I am going to do coco next run and I am considering using smart pots with it.

i use 2 gl. SmartPots with coco/perlite...... i veg in beer cups.... transplant and flip.....the growth rate after this is phenomenal.....

 

[secondtry]

Hey there justicman,

(let me know if this helps explain matters, if not I can go more in-depth for you)

So drainage layers are a myth? how so? I always thought they helped but then again, I checked my root ball after harvest and the 2 inch perlite layer at the bottom of the pot was very wet compared to the soil.

It's about the perched water table and how I mentioned smaller soil particles will fit between spaces of lager hydroton which tends to increase perched water table and water filled porosity at bottom (reducing the size of pores, less air pores too), making a greater % of unavailable water (plants can't use that water). This interlocking of different sized particles decreases drainage as there are less large water pores (mesopores) with easier drainage because they hold water lower water tension; that is important because the bottom of the container has the highest water tension.

To decrease (relatively) the perched water table, and increase % air porosity and also drainage grow in a taller container, this is important with soilless mixes like peat and coir; 30 cm or 45 cm seems good to me.

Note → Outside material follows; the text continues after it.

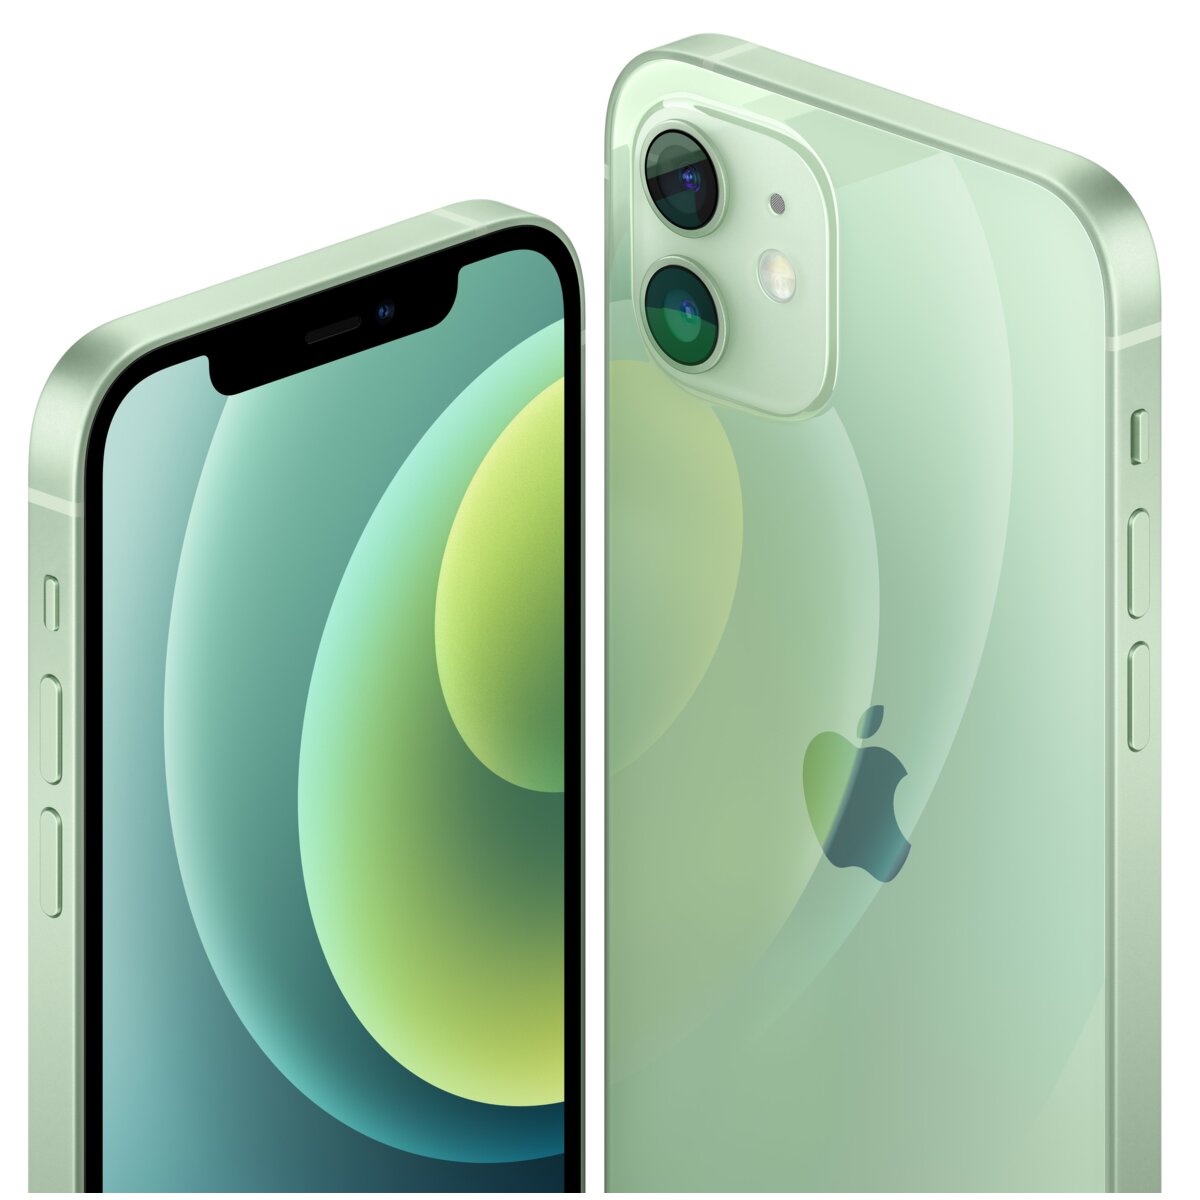 APPLE iPhone 12 mini 64GB Zielony 5G Smartfon ceny i opinie w Media

Here is info which should help you, but some of it is missing the big picture and other more important soil physics issues, for example the author focuses very heavily upon perched water table which is not the most important concern. However, it will help explain why not to use a 'drainage layer':


"Container Soils - Water Movement and Retention"
A Discussion About Soils
http://forums2.gardenweb.com/forums/load/contain/msg0420085231701.html?102

As container gardeners, our first priority should be to insure the soils we use are adequately aerated for the life of the planting, or in the case of perennial material (trees, shrubs, garden perennials), from repot to repot. Soil aeration/drainage is the most important consideration in any container planting. Soil is the foundation that all container plantings are built on, and aeration is the cornerstone of that foundation. Since aeration and drainage are inversely linked to soil particle size, it makes good sense to try to find and use soils or primary components with particles larger than peat. That components retain their structure for extended periods is also extremely important. Pine and some other types of conifer bark fit the bill nicely and I’ll talk more about them later.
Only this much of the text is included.